- Nowkar-e Mokhi
- Coordinates: 29°11′06″N 51°01′56″E﻿ / ﻿29.18500°N 51.03222°E
- Country: Iran
- Province: Bushehr
- County: Bushehr
- District: Choghadak
- Rural District: Chah Kutah

Population (2016)
- • Total: 92
- Time zone: UTC+3:30 (IRST)

= Nowkar-e Mokhi =

Village in Bushehr province, Iran

Nowkar-e Mokhi (نوكارمخي) (Note: Also romanized as Nowkār Mokhī and Nowkār-e Mokhī; also known as Naukāl Mukhi, Nowkāl-e Mokhī, Nowkār-e Nakhlī, and Shīf Nowkāl-e Nakhlī) is a village in Chah Kutah Rural District of Choghadak District in Bushehr County, Bushehr province, Iran.

==Demographics==
===Population===
At the time of the 2006 National Census, the village's population was 164 in 33 households, when it was in Angali Rural District of the Central District.
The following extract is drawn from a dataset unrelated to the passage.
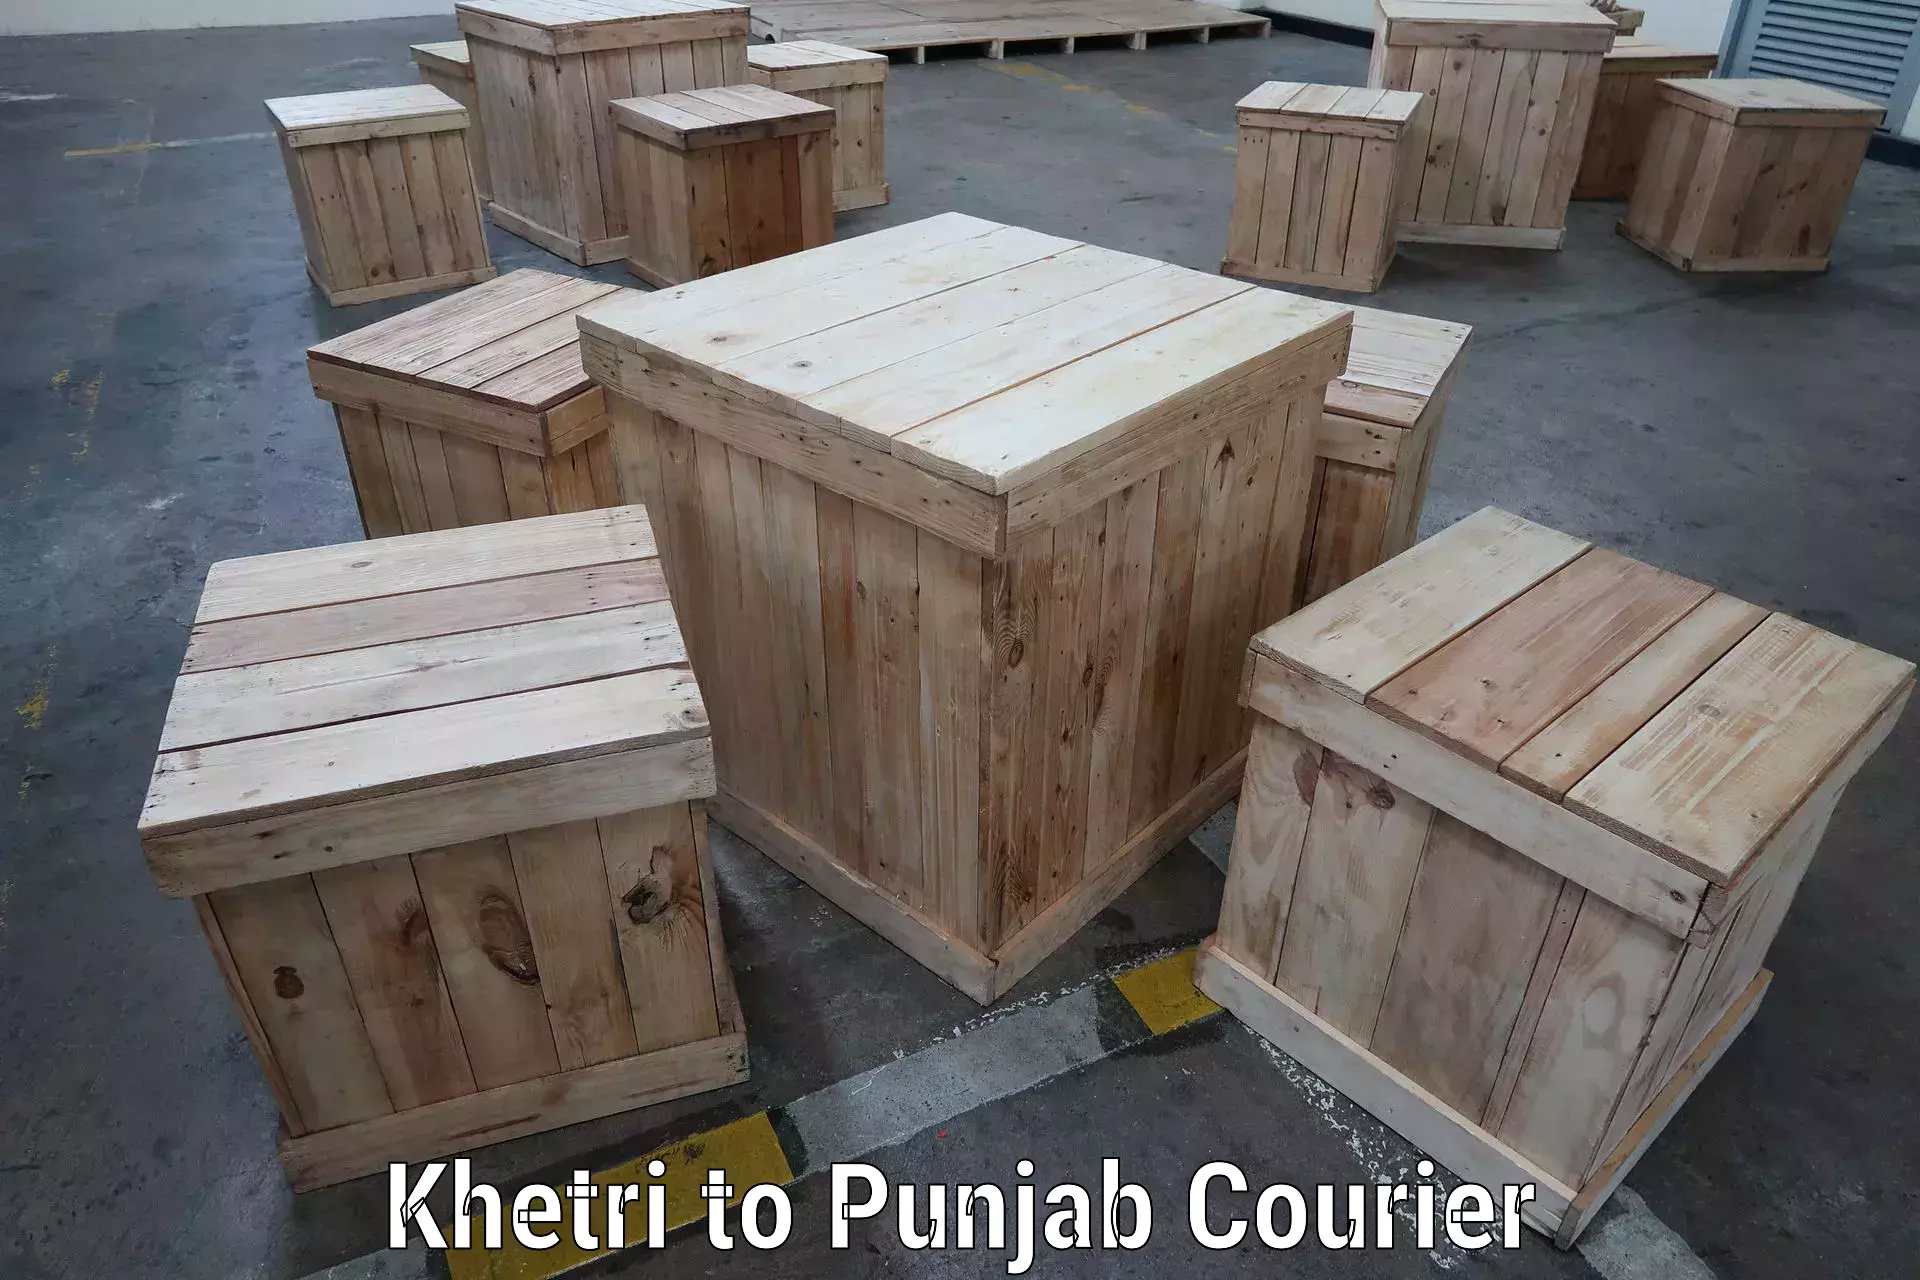 Flexible parcel services Khetri to Punjab

The following census in 2011 counted 90 people in 28 households. The 2016 census measured the population of the village as 92 people in 32 households.

In 2020, Nowkar-e Mokhi was separated from the district in the formation of Choghadak District and transferred to Chah Kutah Rural District created in the new district.